One surefire way to get ready for Christmas: watch Christmas films or television programs. Unfortunately, considering some of the material, that’s also a surefire way to kill the Christmas spirit. Then again, so is Christmas shopping in crowds of mean spirited jackasses. Perhaps too much and too soon, especially in the wrong tone, should be a warning sign.

As a film and television fan, I love a night’s worth of entertainment with friends or family. Nothing beats cozying up on the couch with a sweet TV special or a fun movie… which is probably why so many specials and films come out with a Christmas theme or story. However, it’s easy to find something that merely uses Christmas as a setting or a backdrop and not as an element of the story, or the reason for the story.

British television seems to have a tradition of big deal productions on Christmas, but Christmas is only the vehicle. There’s nothing wrong with that in and of itself… Only Fools and Horses is funny and enjoyable, Doctor Who is exciting and thrilling (especially Voyage of the Damned), but sometimes you want something with a stronger meaning. Something that does more than entertain.

As a kid I often resented the obligatory Christmas message in television programs. To be sure, I wasn’t ready for it, but also some of those shows probably could have used a bit more care in getting the message across.

You might group these shows and movies into three types:
• Real Christmas stories that relate to Jesus, God, and the religious message
• Family stories that involve people during Christmastime
• Peripheral stories like Santa, Rudolph, elves, the giving of presents, and so on

The real Christmas stories include The Nativity Story and probably A Christmas Carol or Scrooge, depending on the production.

For the second type, you can’t get much better than “A Christmas Story”. Say what you will about how often the movie gets played, but I’m very fond of this movie. The message was right there out in the open, winding its way to the end, but it used an endearing series of vignettes to get from the beginning to the end.

The peripheral stories, while a number of them are rather nostalgic, usually don’t amount to much. Folks who are not fans of Blackadder probably won’t find themselves watching Blackadder’s Christmas Carol. The classic Frosty the Snowman cartoon while cute, especially if you have children, doesn’t do much heavy lifting.

Speaking of that Frosty cartoon… Mitchell from Our Word comments on the idea that it might have a poor man’s version of Christ in the story. The next time you watch it, consider various story elements. While it conveniently leaves out, to my memory, any reference to Jesus and God, there are thematic similarities. Whether or not they are intended as references to Christ is for the writers and producers to tell you… but remember that Frosty sacrifices himself to prevent the little girl from freezing to death and Frosty also comes back after he melts. Read the Mitchell’s post… he even comments on an Old Testament connection in Santa Claus is Comin’ to Town, which features the same writer as the Frosty cartoon. It seems there is at least an argument to be made that the similarities are intentional.

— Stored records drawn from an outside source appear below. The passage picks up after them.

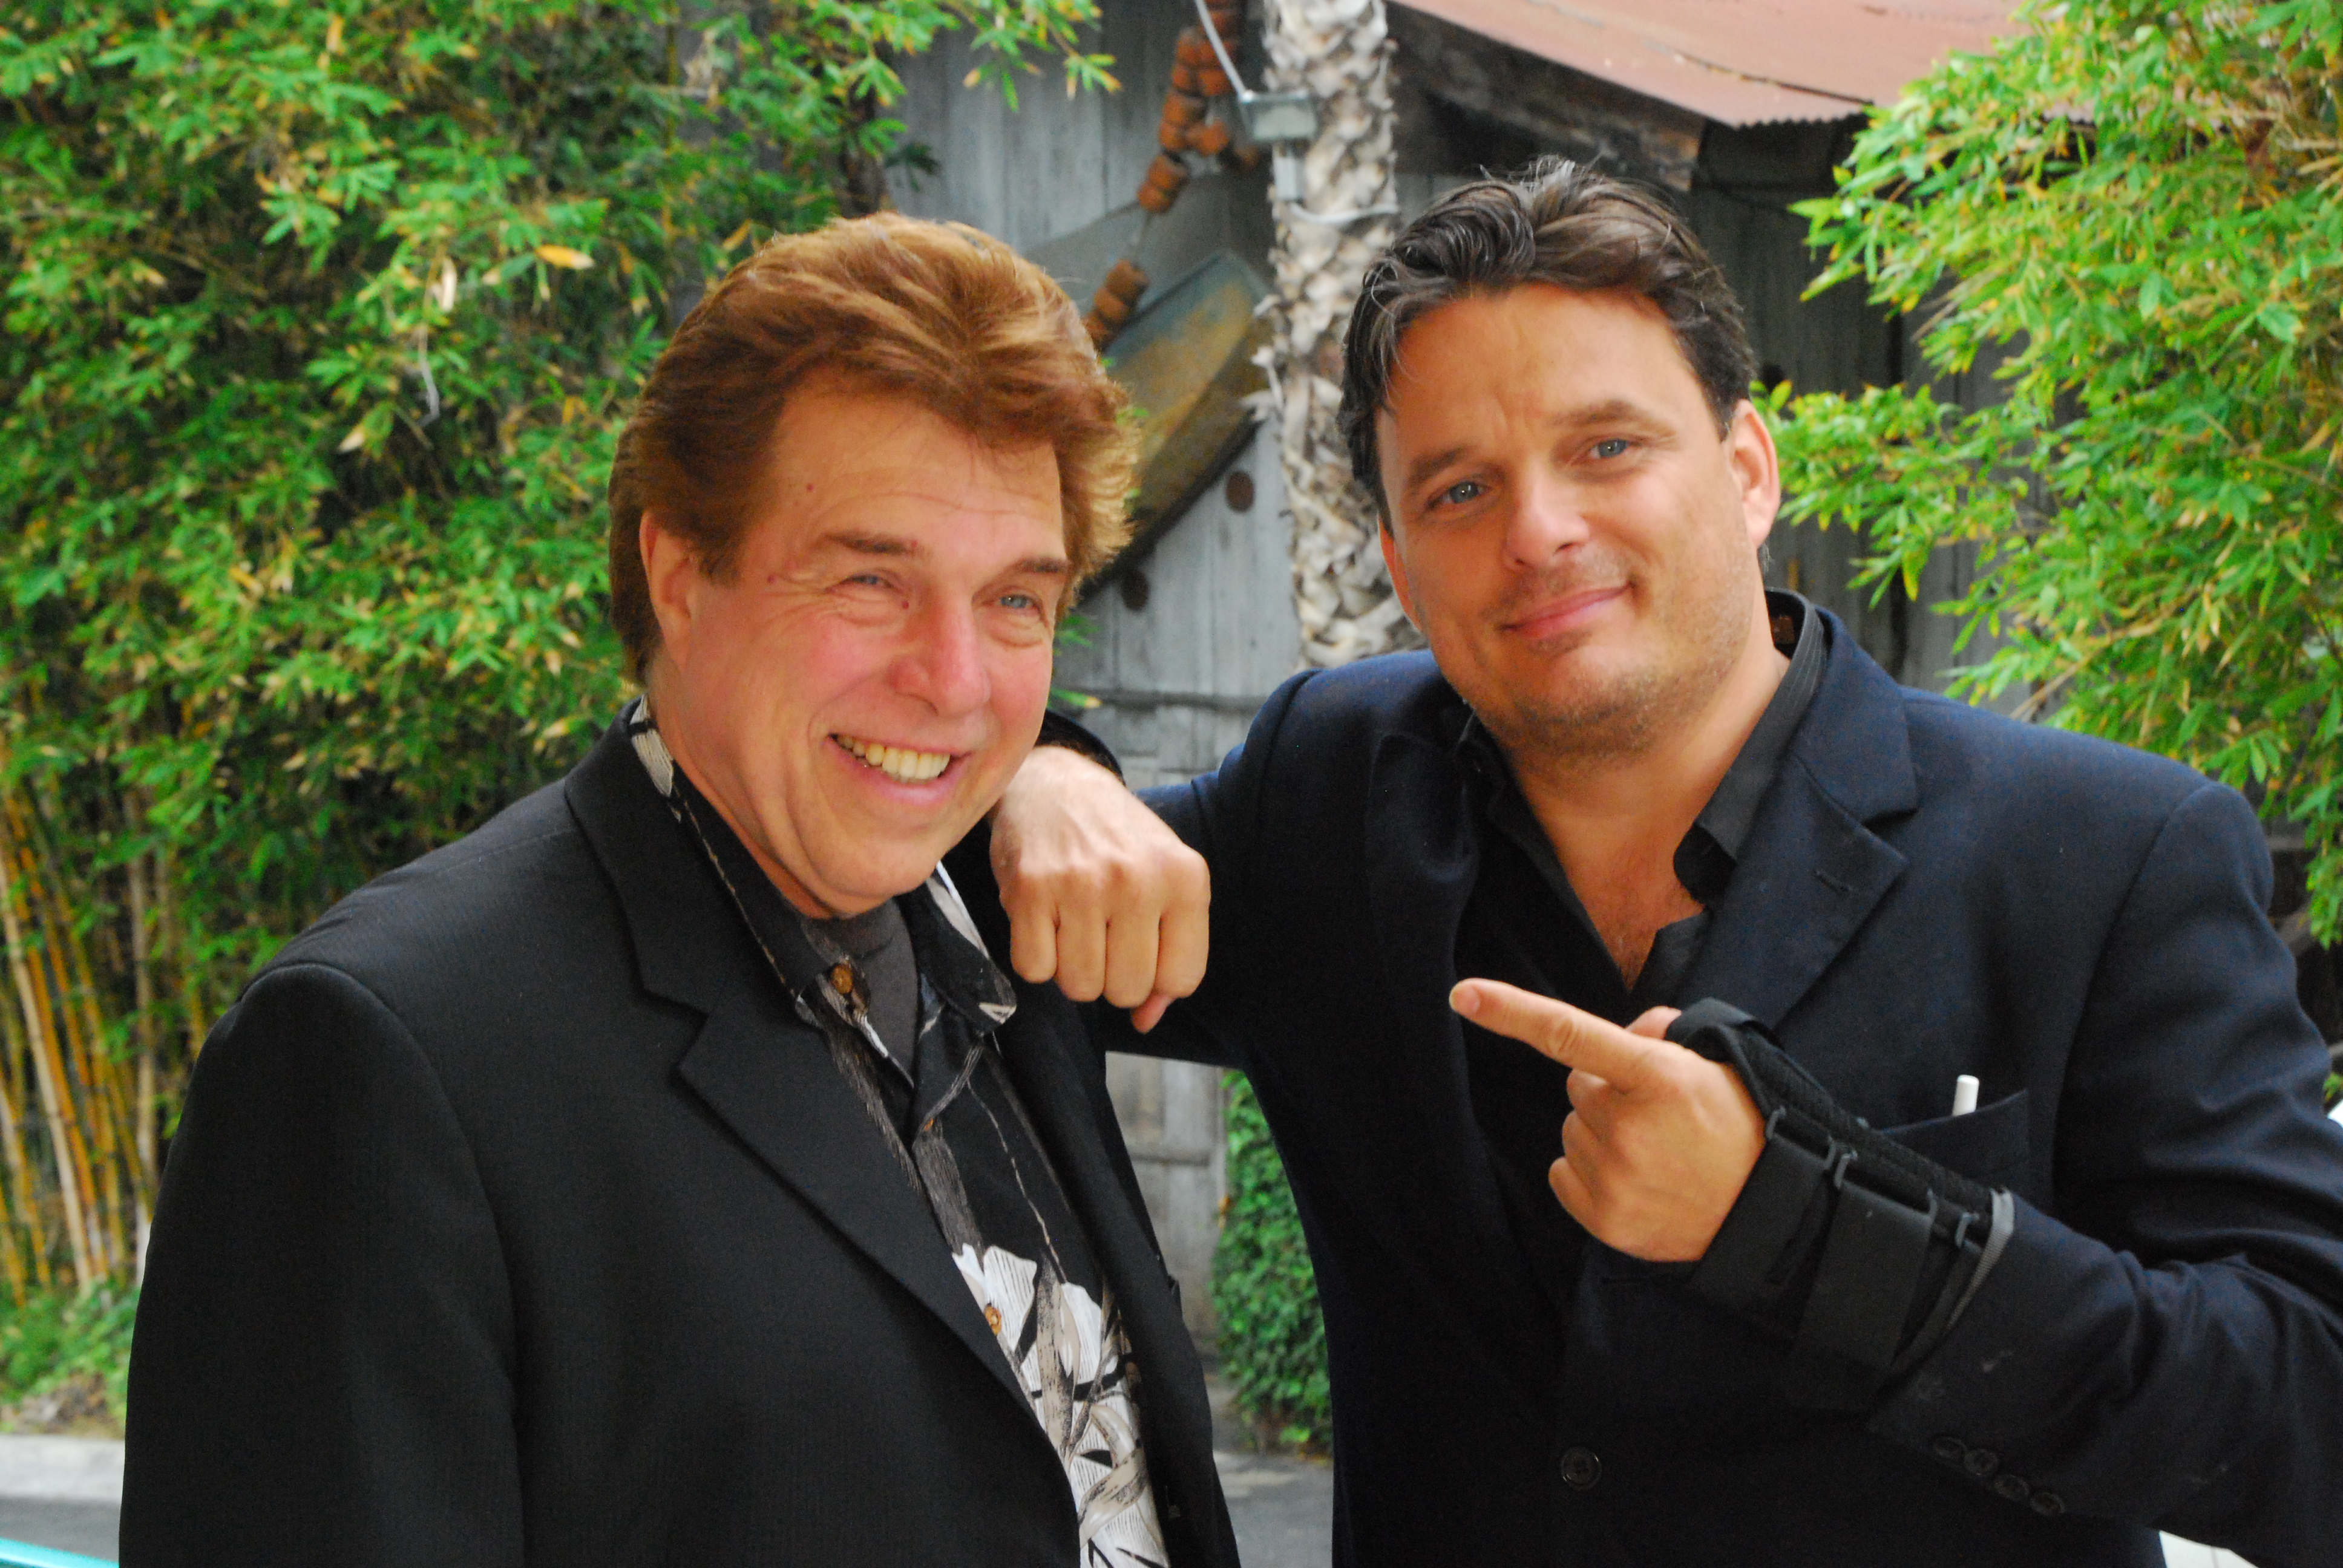 Damian Chapa (Blood In, Blood Out, Under Siege, Street Fighter) and Pete Allman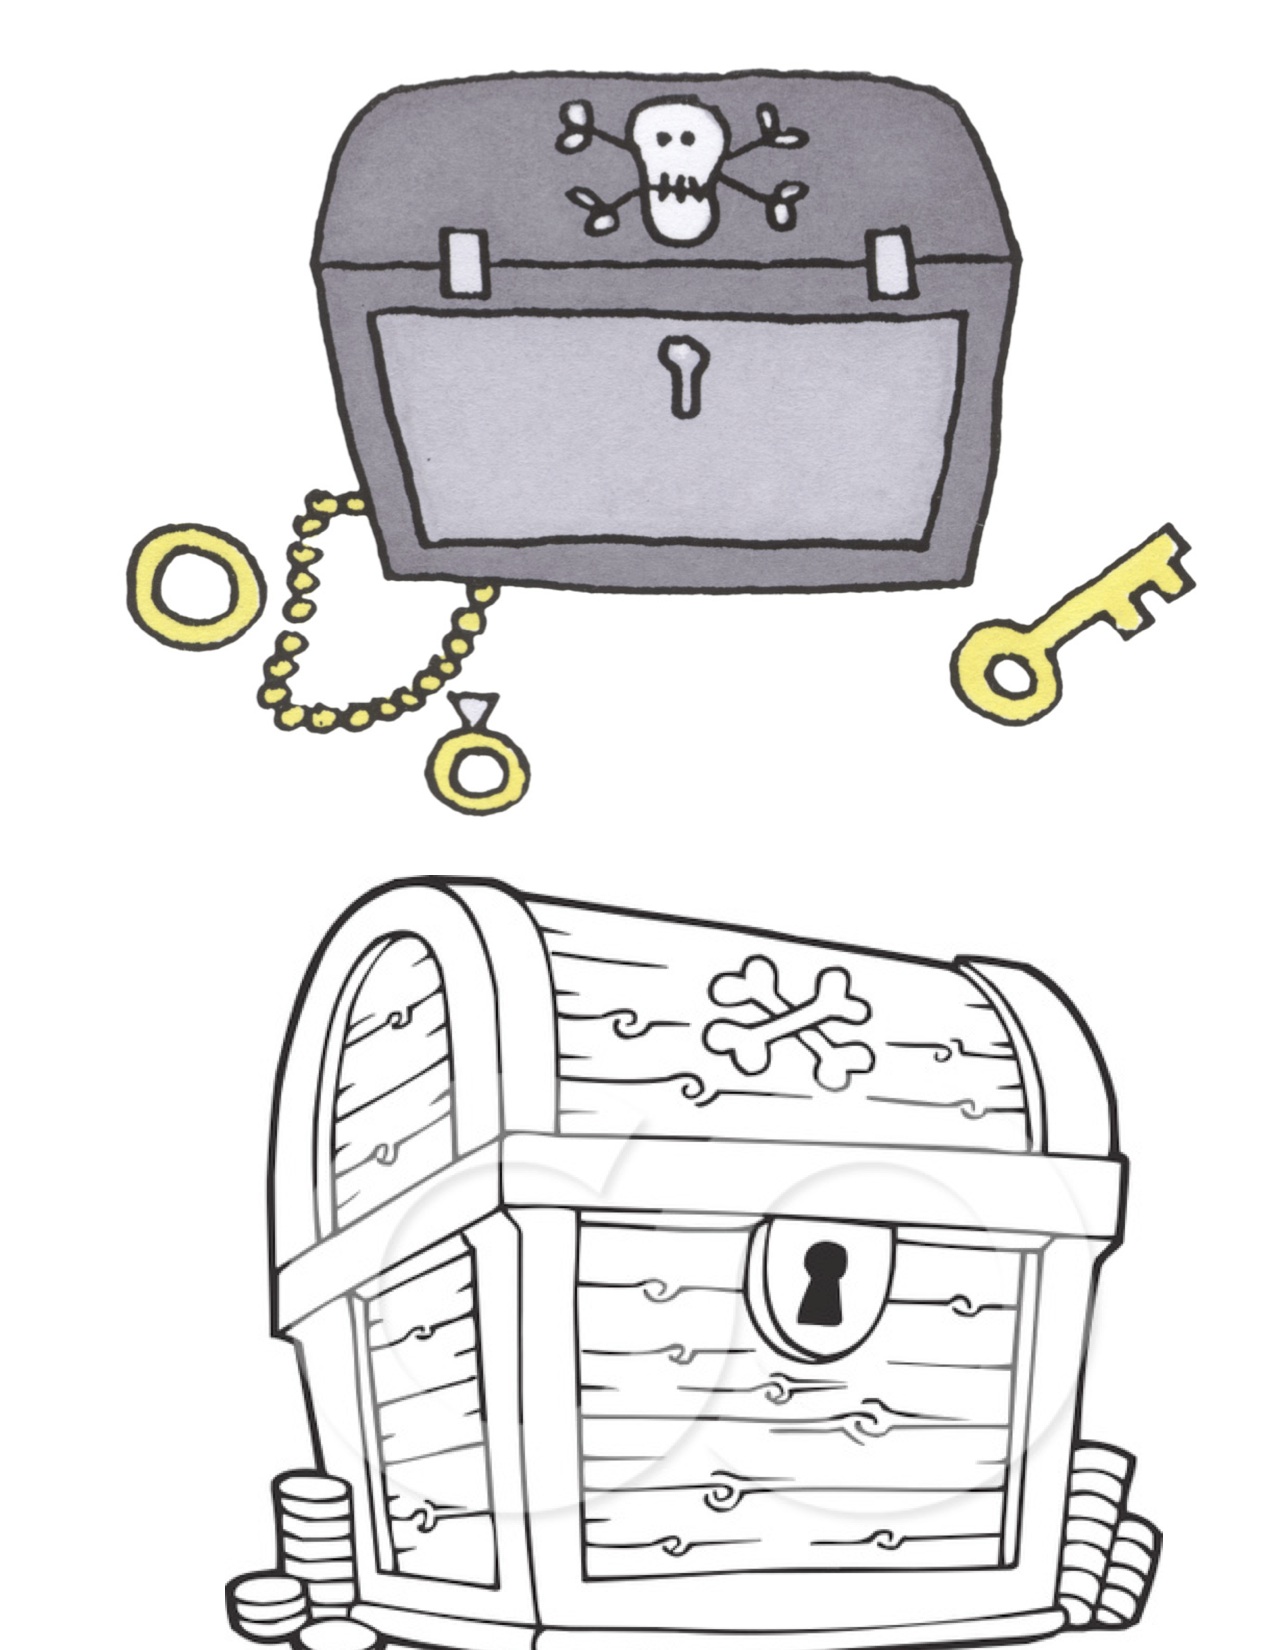 Gave Several Kinds Of Treasure Chest Clip Art Pictures Because I Don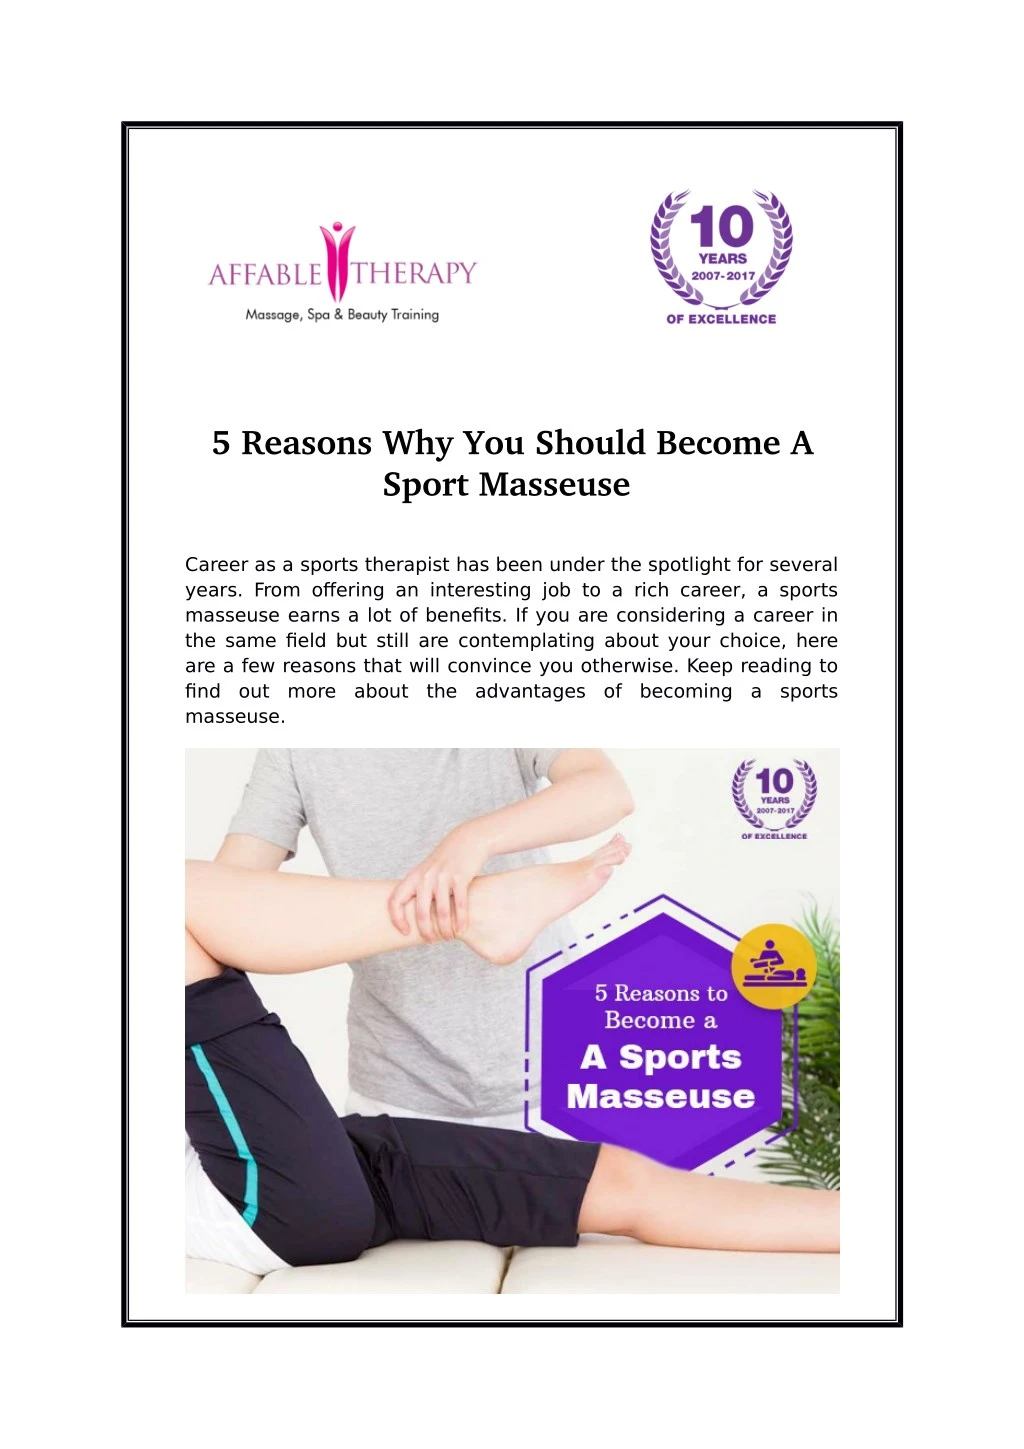 5 reasons why you should become a sport masseuse

All this makes me want to go over a number of films and shows I own or can get my hands on. “Elf” recently became a new Christmas favorite, in spite of the fact that it is merely a charming story that simply wears the trappings of Christmas… the Rankin-Bass parodies, Ed Asner’s Santa, and Bob Newhart really made it a pleasant surprise.

I’ll gladly take recommendations on what to watch, and chastisement on what I haven’t seen. I'm partial to George C. Scott in "A Christmas Carol" from 1984, Alastair Simm's "Scrooge" from 1951, and as a Saturday Night Live fan from the 70s I'm fond of Bill Murray in "Scrooged". The Christmas episodes and specials from Bless Me Father, Good Neighbors (The Good Life for those of you from the UK), Mr. Bean, To the Manor Born, and The Twilight Zone (an epsidoe featuring the brilliant Art Carney) likewise warm my heart.

I don't recall the episodes, but I found two Christmas episodes listed for The X-Files... and since I really enjoy the series I'm going to need to remind myself. I remember some kind of X-Files episode with Ed Asner and Lily Tomlin, but I don't know if it was one of those Christmas episodes.

The family watched a couple of scenes from the Doctor Who Christmas specials this past week... a great scene with a bride kidnapped in a London taxi cab (and the Doctor's fly-by rescue in his TARDIS), and an even better scene where a space-cruiseliner nearly crashes into Earth (specifically Buckinham Palace).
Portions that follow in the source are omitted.